Tuesday, February 05, 2013

Fernanda Milan Granted Danish Asylum!

Thought I would pass along to you TransGriot readers the wonderful news that Fernanda Milan has been granted asylum in Denmark on November 26.

She did not publicize the news according to ILGA Europe at the time because she is angry that she was forced to go through lengthy and grueling proceedings.  

Asylum was even denied to her in the beginning with the reversal happening only days before she was scheduled to be deported from Denmark.
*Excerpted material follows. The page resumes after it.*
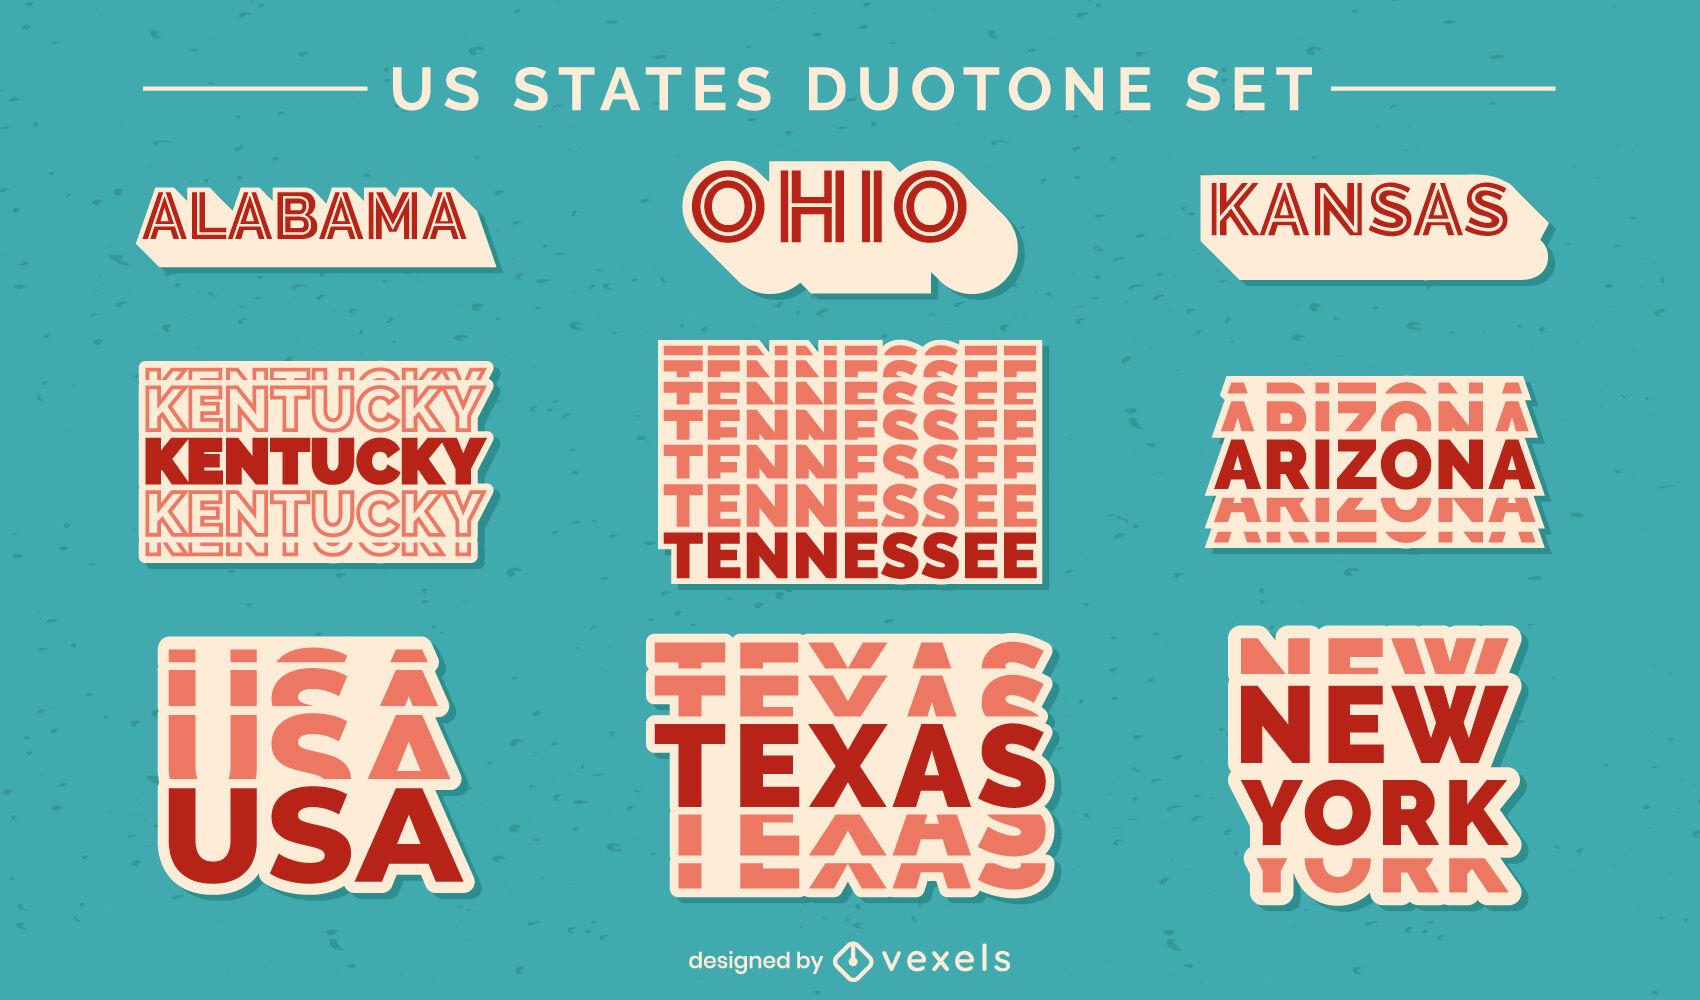 US states duotone lettering set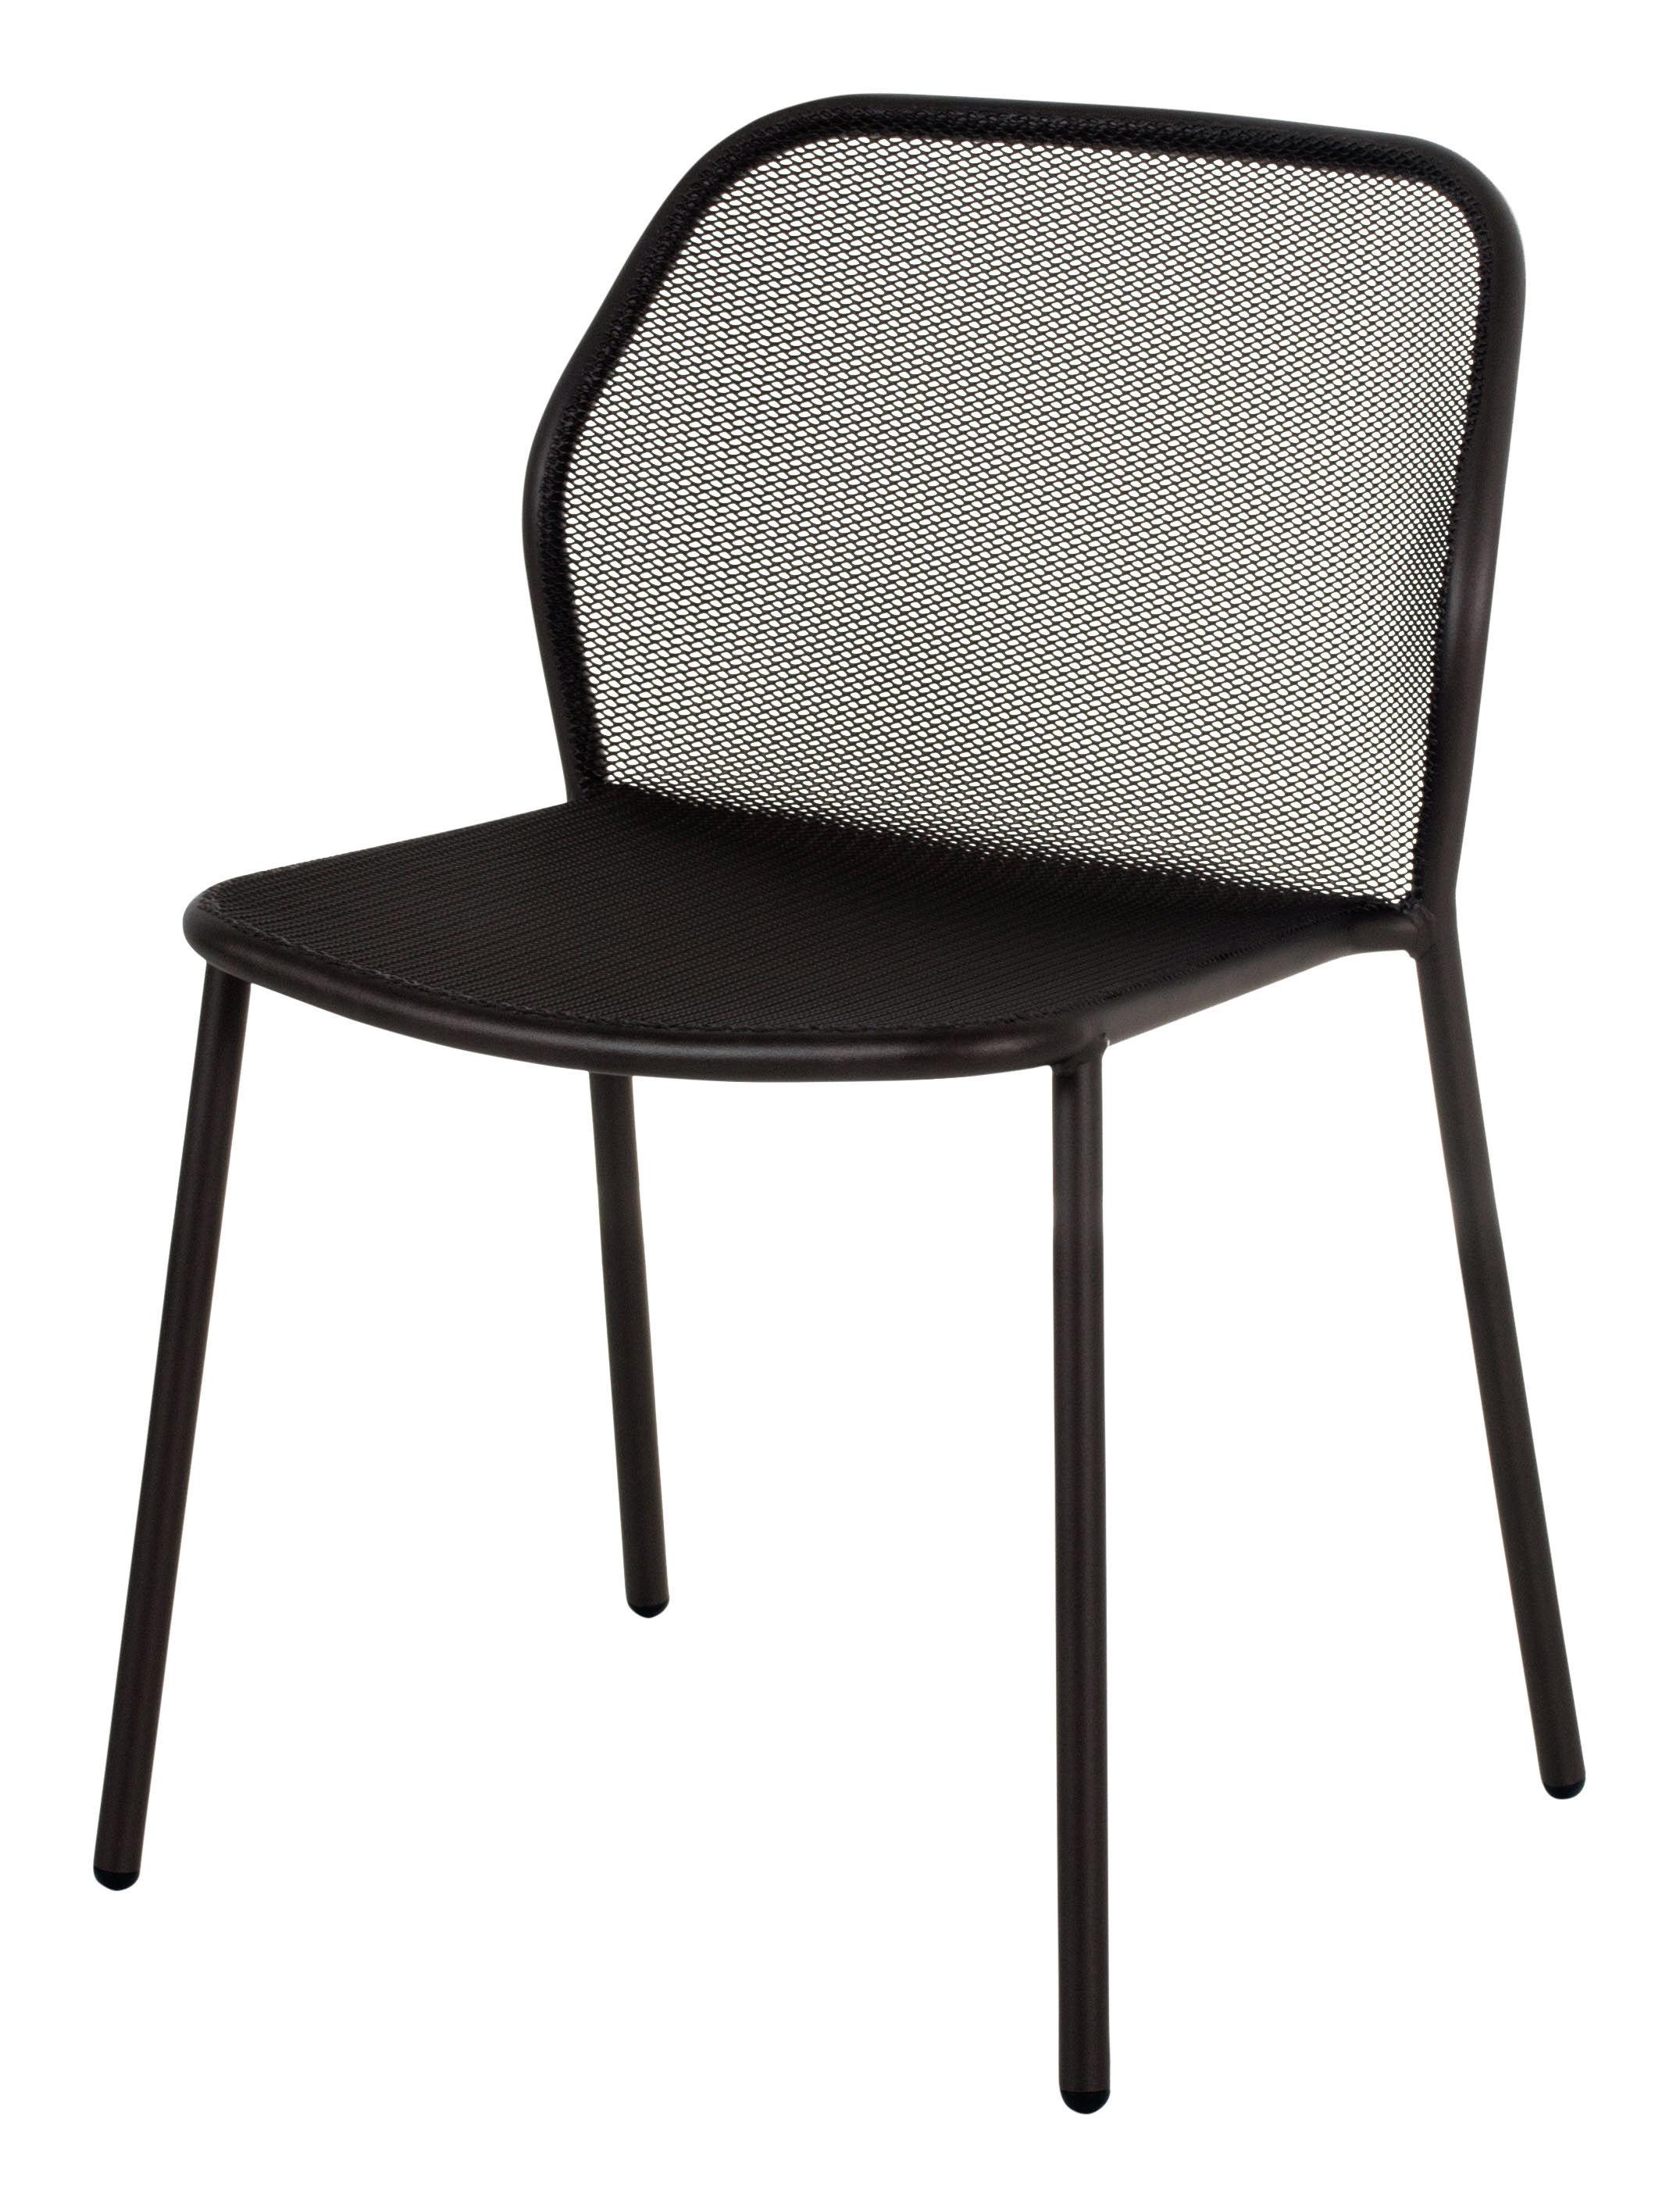 chaise empilable darwin m tal noir emu. Black Bedroom Furniture Sets. Home Design Ideas

She got a right to be angry considering the  European Union Parliament adopted asylum standards  in October 2011 stating EU member nations must now include gender identity as a ground of persecution and take it into account when they make decisions to grant or deny asylum status to people seeking it
Stine Larsen, of the T-Refugee Project says:

“We are very relieved that our struggle, together with Fernanda, ended in her being granted asylum. But it has been a soul-destroying asylum process with an initial refusal which was then reversed just three days before her scheduled departure on September 17, 2012. Fernanda has needed time and space to recover from this ordeal. That’s why we are only publicizing the good news now.”

“I am very grateful to all the people who have helped me to fight, because in the end I could not have done it on my own.”  said Fernanda.

“I have been a transgender person all my life. And I have been fighting against prejudice as long as I remember. I had to flee from Guatemala because I was fighting for human rights. Now I have the chance to live my life as a woman and an activist. Now I want to keep on the fight for a better world, where everybody can educate, work, create families and live a dignifying life regardless of their gender identity,”

Amen Fernanda, and congratulations.   Denmark should be proud to have someone like you residing inside its borders.


Monday, September 17, 2012

Femanda Milan Scheduled To Be Deported From Denmark Today

In October 2011 the European Union Parliament adopted asylum standards that stated that EU member nations must now include gender identity as a ground of persecution and take it into account when they make decisions to grant or deny asylum status to people seeking it.

There were three EU nations that opted out of the process, the United Kingdom, Ireland and Denmark. 

Unfortunately that opting out of the trans asylum rules has had a negative effect on Fernanda Milan, a Guatemalan trans activist who was forced to flee her homeland and ended up in Denmark due to horrific anti-trans violence in her central American nation and she being considered a major trans human rights leader in Guatemala.

After arriving in Denmark, her treatment didn't get much better in the nation that once was the place in the early 1950's where Christine Jorgenson transitioned before returning to the United States in 1953.   She was housed in the male wing of the Sandholm Asylum detention camp run by the Danish Red Cross, and several men broke into her room and subsequently raped her.  She was denied the hormones she's been on since age 14. After escaping the detention camp she ended up in a brothel in Jutland for two years until it was raided by the police. 




She was scheduled to be deported today from Denmark back to Guatemala

“What I’m most afraid of when I go back isn’t being killed. What really petrifies me is being attacked and tortured,” Fernanda says, adding that she knows “no transgender people in Guatemala over 35.”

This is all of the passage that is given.